In this devotion to connection, Zain is a proponent of establishing genuine friendships within his network of artists in the SWANA region to nourish and find strength in each other’s thoughts. “I’m building a supportive family of artists who champion and support one another, who engage in each other’s creative process,” he says. “When we get together, we hardly talk about work and instead find all of the life experiences we share and what we love about each other’s cultures. You never feel alone when you find artists around the world who share your values.”

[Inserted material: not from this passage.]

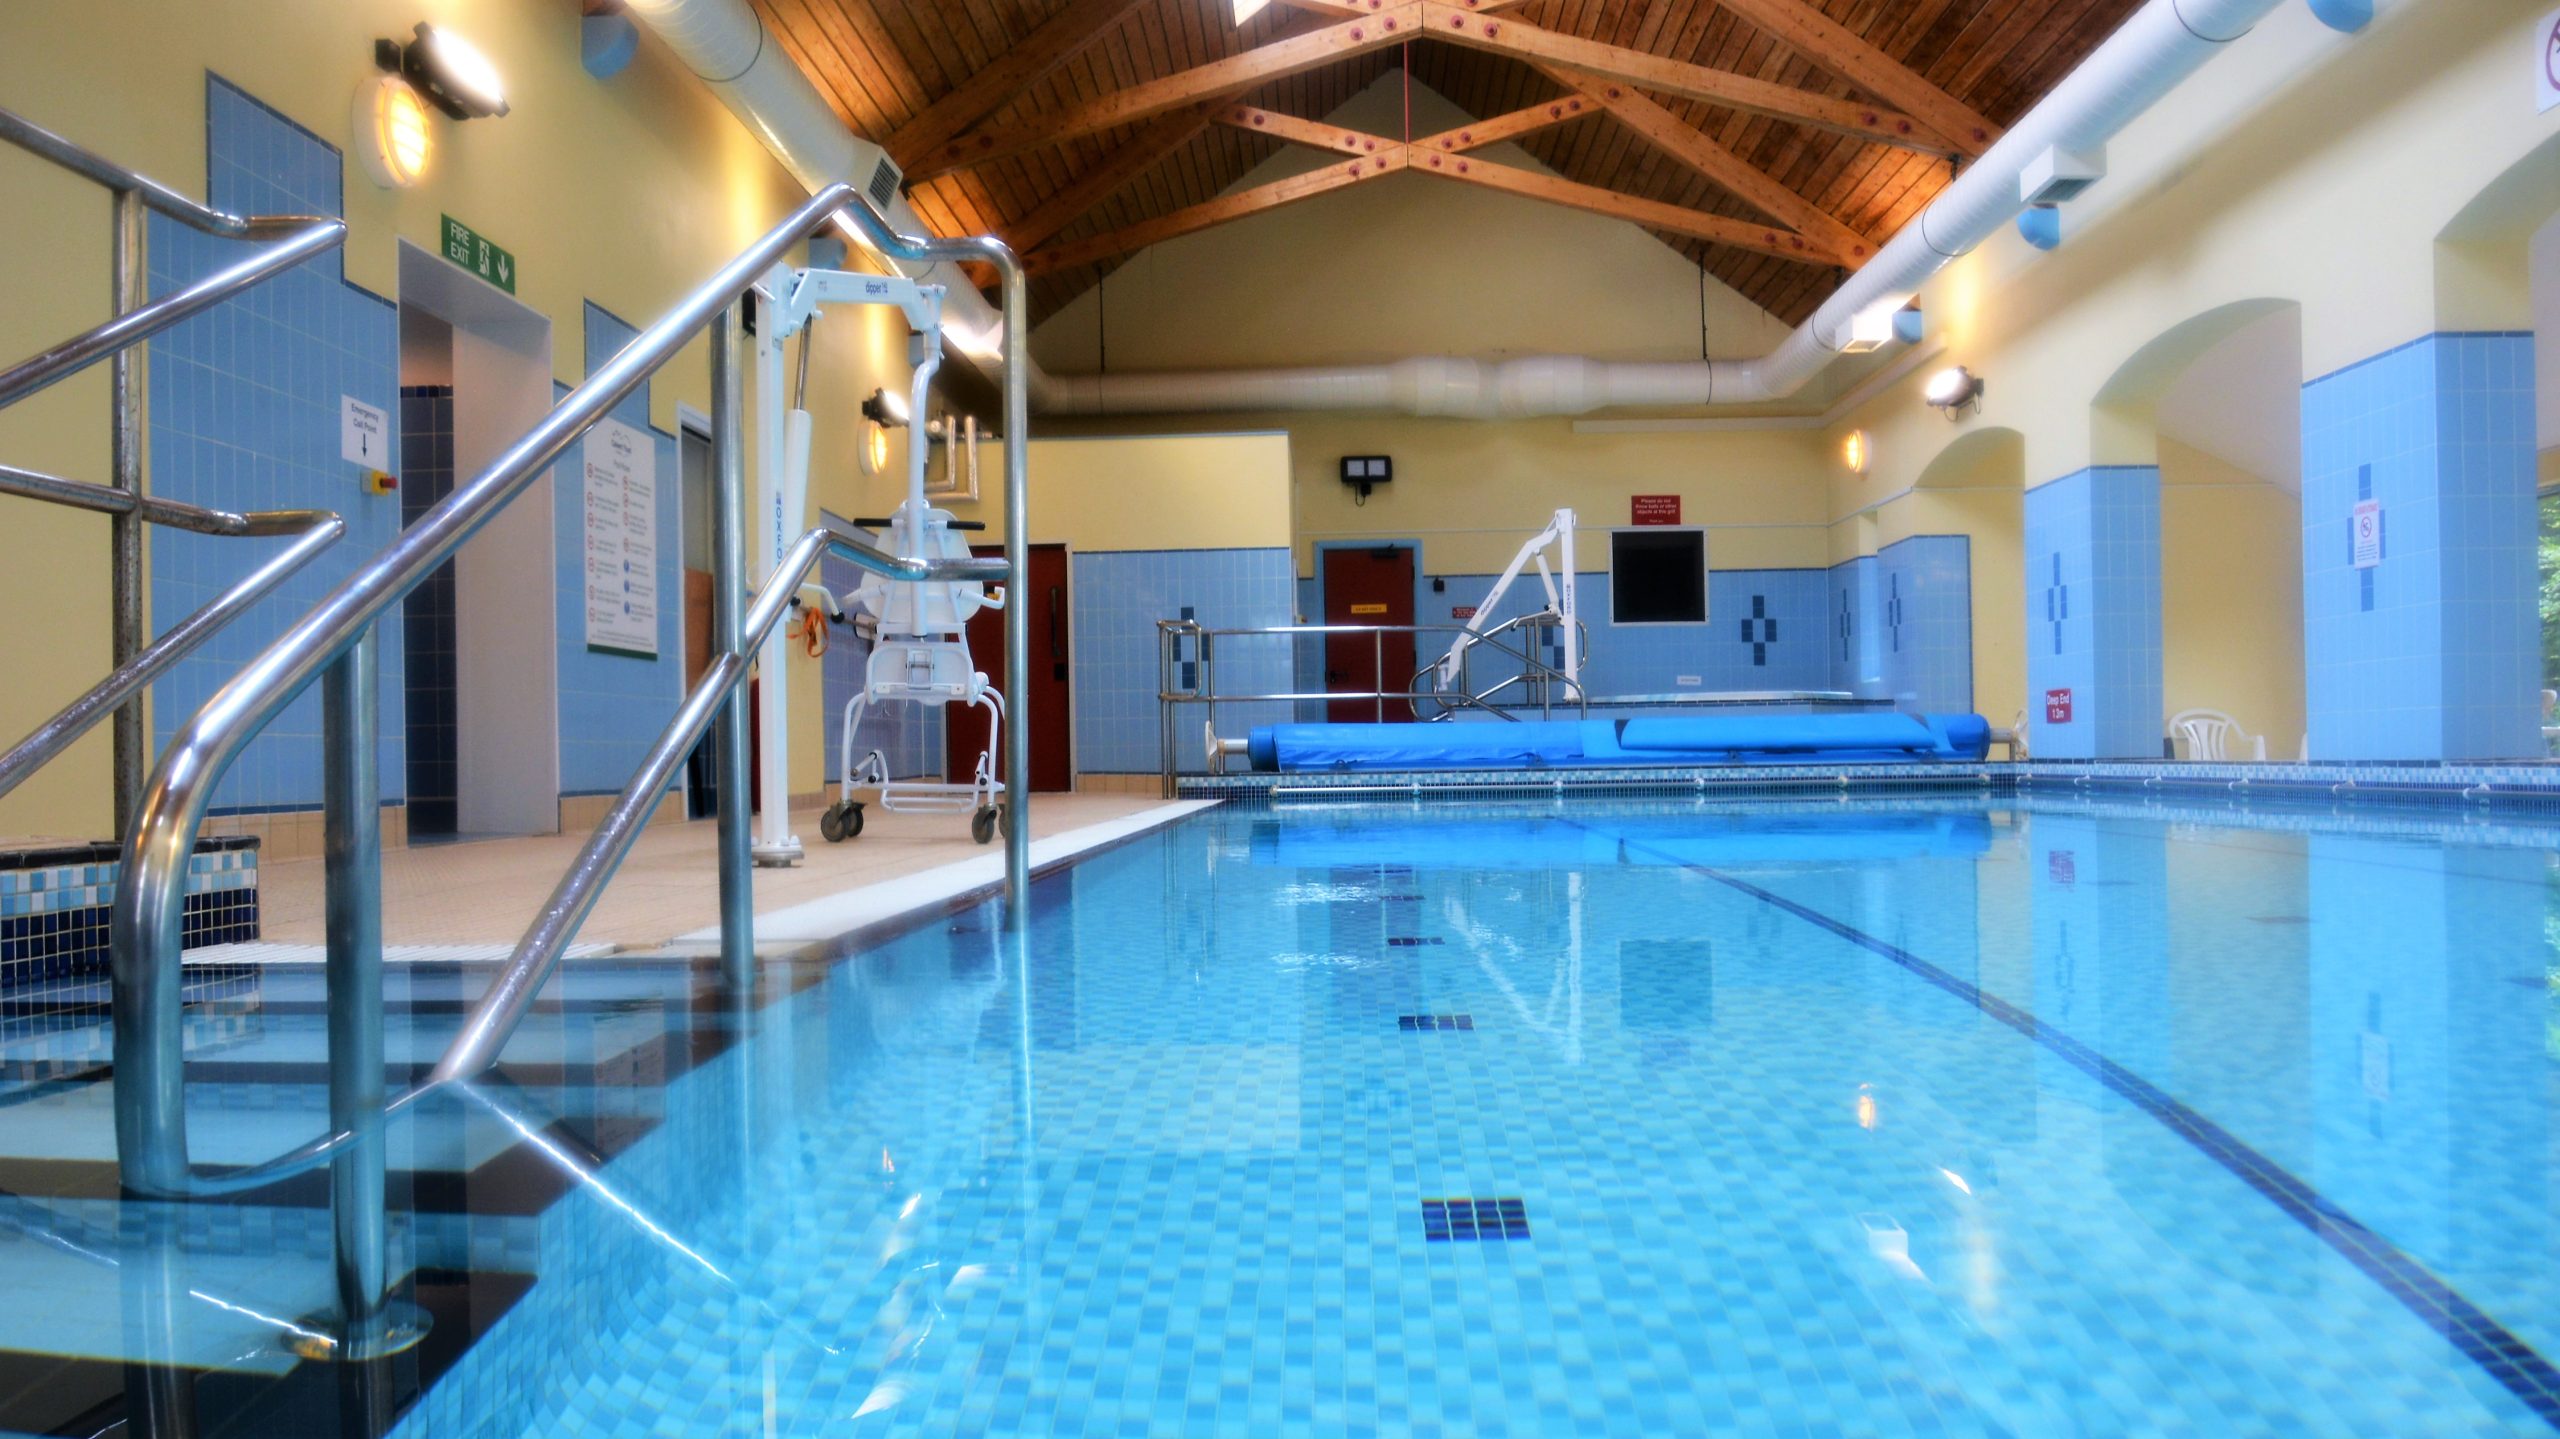 An empty bright blue clean swimming pool indoors with a hoist on the poolside to the left behind some steps leading into the pool.

In discussing his creative process with Dazed, Ali quoted these words from Indian architect Balkrishna Doshi: “I look at my life as residue. The advantages are that you can modify it. It is a malleable residue. I look at life that way. In all my designs I leave a gap somewhere for the residue. I call it breathing. That is where life comes from. Because that little thing is why life is and life is not measurable. But that is what you must search for, all the time. Then you’re free.” Zain explains that he always tries to leave room for this breathing space, as this is where the best creations take place.
Zain’s next chapter of his journey includes a solo exhibition that honours the history of South Asian labour in Britain’s textile industry—another story to be told of migration, regional politics, resilience, and cultural transformation. While the designer prepares to tell another tale through his work, Zain remains guided by the same desire that has defined his creative past so far: a desire to connect, remember, and create the breathing space for stories that deserve to be heard.
As much as love is his impetus, Zain is a reflexive artist, hoping to compound this resource as a product of his art: “I would like to feel I have given back as much love and support that has been granted to me through the stories I tell in my work.”